Paul-André Proulx

Littérature Québecoises

Milicevic, Ljubica.

Le Chemin des pierres. Éd. Leméac, 2002, 188 p.

Les Dommages collatéraux

Ljubica Milicevic est née dans l'ex-Yougoslavie. Immigrée au Québec, elle a fait publier deux œuvres, écrites directement en français. Son dernier roman rappelle son passé et ses liens avec ceux qu'elle a aimés. Malheureusement son retour au pays natal coïncide avec l'éclatement de la guerre.

Mala, l'héroïne du roman, est l'alter ego de l'auteure. À l'occasion de la mort de sa mère, les autorités serbes n'accordent à cette femme de la terra nostra qu'un visa de cinq jours. Elle compte quand même sur sa visite éclair pour renouer avec un père qu'elle admire et un ami d'enfance devenu peintre. Le premier volet de ce diptyque résume ce que fut l'enfance et l'adolescence de Mala. On s'attarde surtout à ce qui a uni l'héroïne à ce garçon, dont le talent d'artiste s'est manifesté très tôt.

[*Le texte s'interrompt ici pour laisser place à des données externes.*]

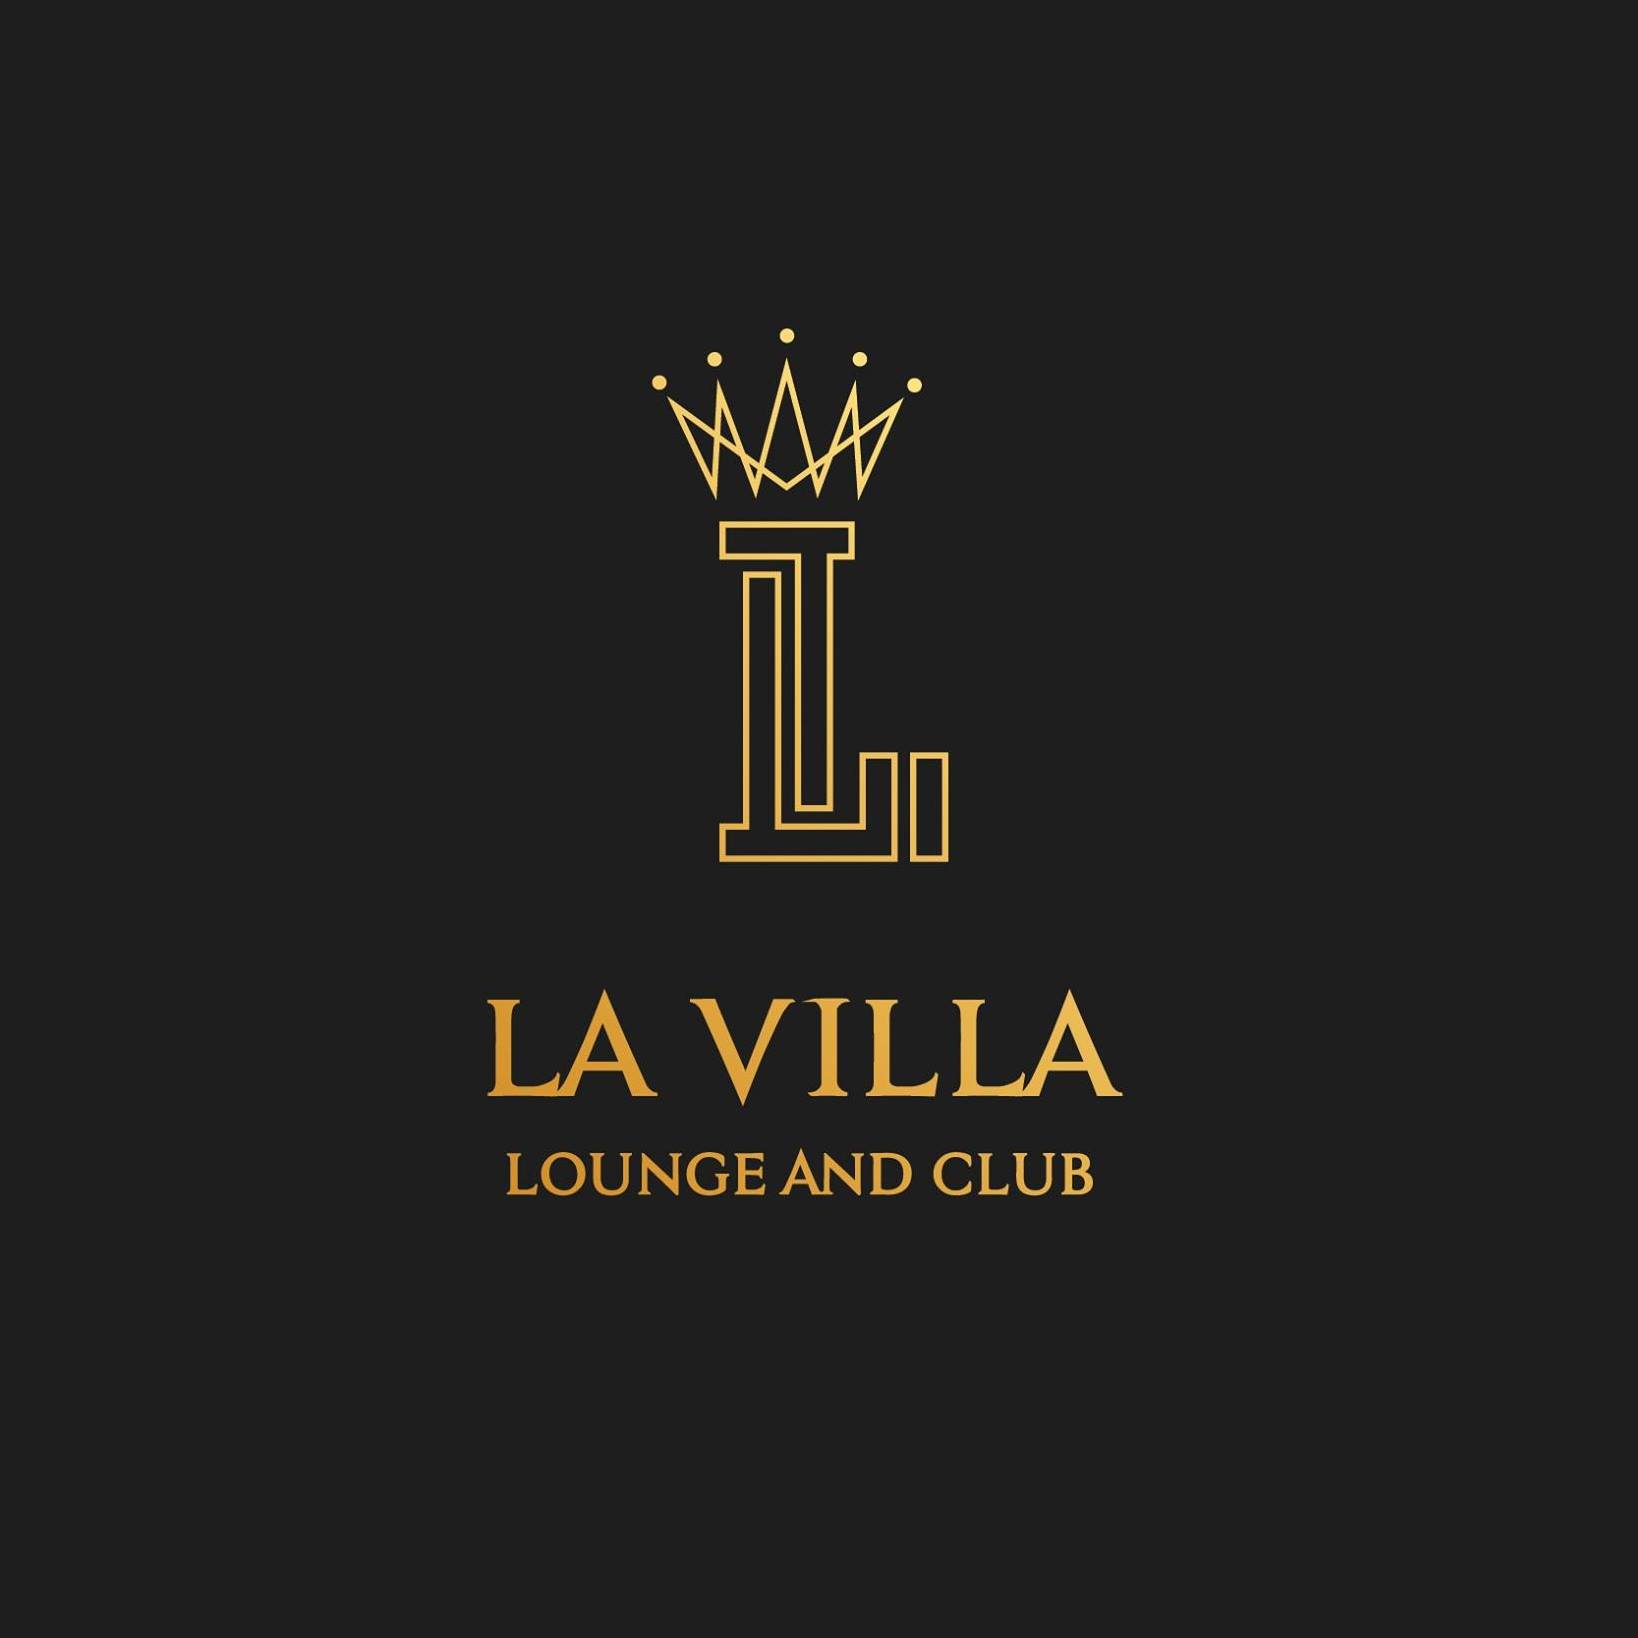 Lavilla Lounge and Club
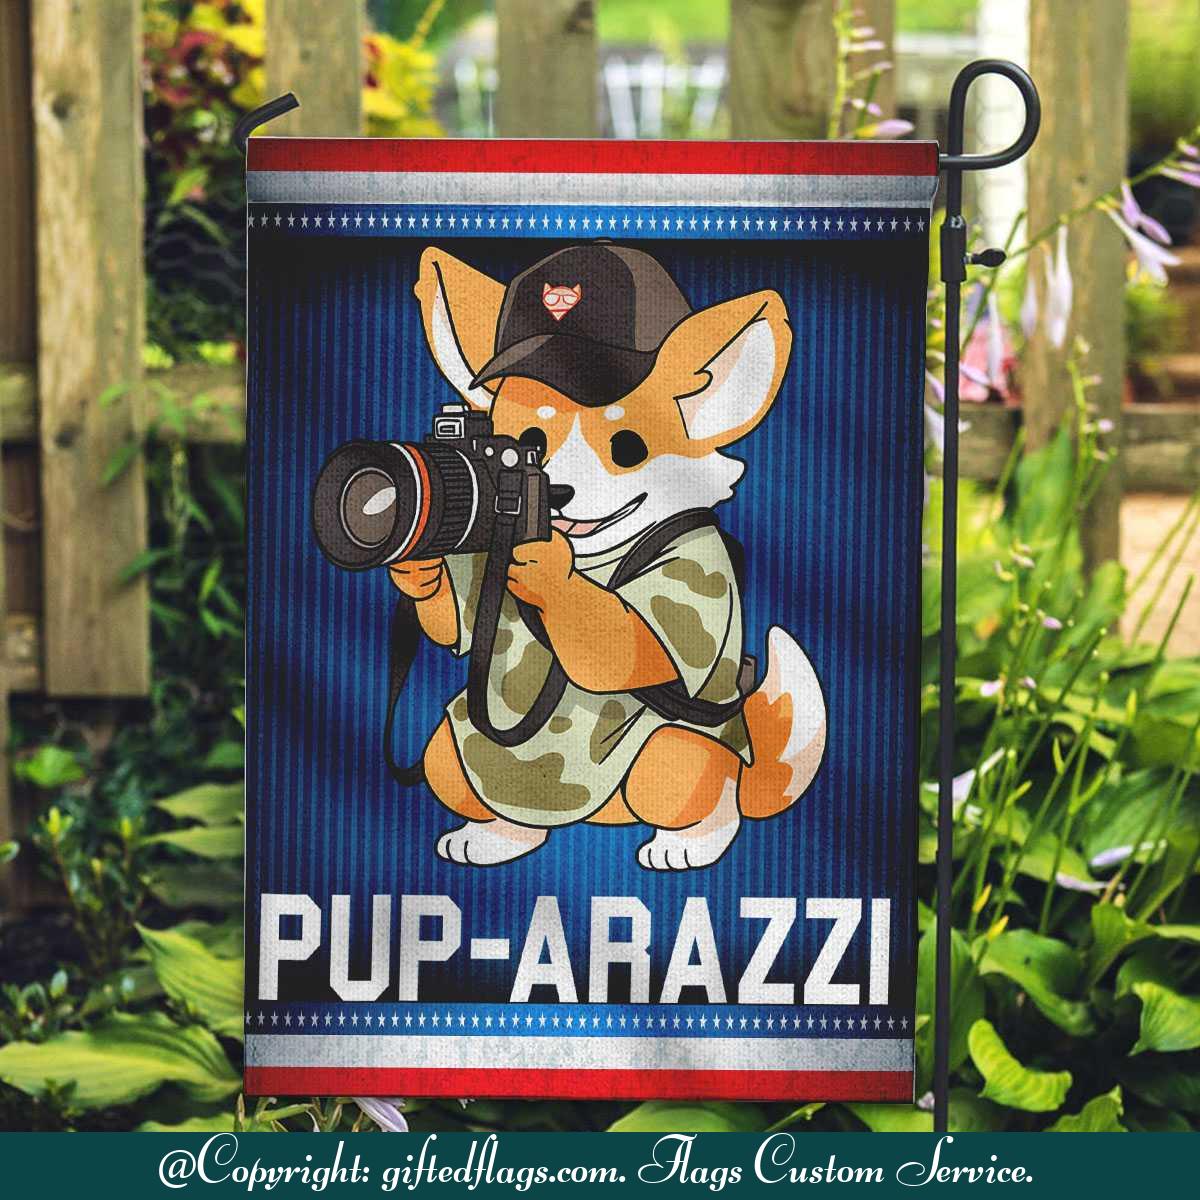 https://service.giftedflags.com/uploads/2612/flag/corgi-pup-arazzi-funny-dog-photographer-garden-flag.jpg

Quel contraste à son retour dans sa patrie malgré la grisaille qui planait déjà avant son départ! L'héroïne retrouve un père amaigri et habillé en lambeaux alors que son ami d'enfance est en fuite à cause de la stupidité d'un régime soupçonneux, plus apte à susciter " l'orage des hommes " qu'à sauvegarder la richesse culturelle d'un pays composé de musulmans, d'orthodoxes et de catholiques. Naguère, les minarets et les clochers faisaient bon ménage. Inspirés par une nouvelle raison d'état, les dirigeants sèment la confusion en voulant raffermir leur pouvoir. Dans le chaos, plusieurs se transforment en " snipers ", des tireurs fous qui font feu sur tout ce qui se présente dans leur mire. Échapper aux balles devient ainsi le nouveau sport pratiqué à Sarajevo, la Jérusalem des Balkans, où le stade est devenu le cimetière des innocentes victimes.

C'est la tragédie de Sophocle servie à la moderne. Et encore une fois, les Antigones, qui réclament un peu de sagesse, ne rencontrent que de sourds interlocuteurs. On fuit de toutes parts, y compris son ami Valentin et sa famille. Ils empruntent le chemin des pierres, la route qui mène au pays des ancêtres paternels, des Bogomiles, ceux-là qui ont donné naissance aux Cathares. Mais on n'échappe pas facilement à un destin funeste quand la folie devient la règle de conduite. Comme l'héroïne grecque, il ne reste plus qu'à inhumer les siens à ses risques et périls.

En fait, l'auteure raconte la vie de ceux qui ont subi les " dommages collatéraux ". Quelle expression saugrenue! Et le pire de tous, c'est de perdre ceux que l'on aime. Ainsi la récente guerre des Balkans est venue mettre un terme aux amitiés. L'auteure en donne une brillante illustration avec une plume très concise et très poétique. Elle entremêle, avec une grande habileté, des notes historiques et culturelles pour offrir un bel hymne à la tolérance.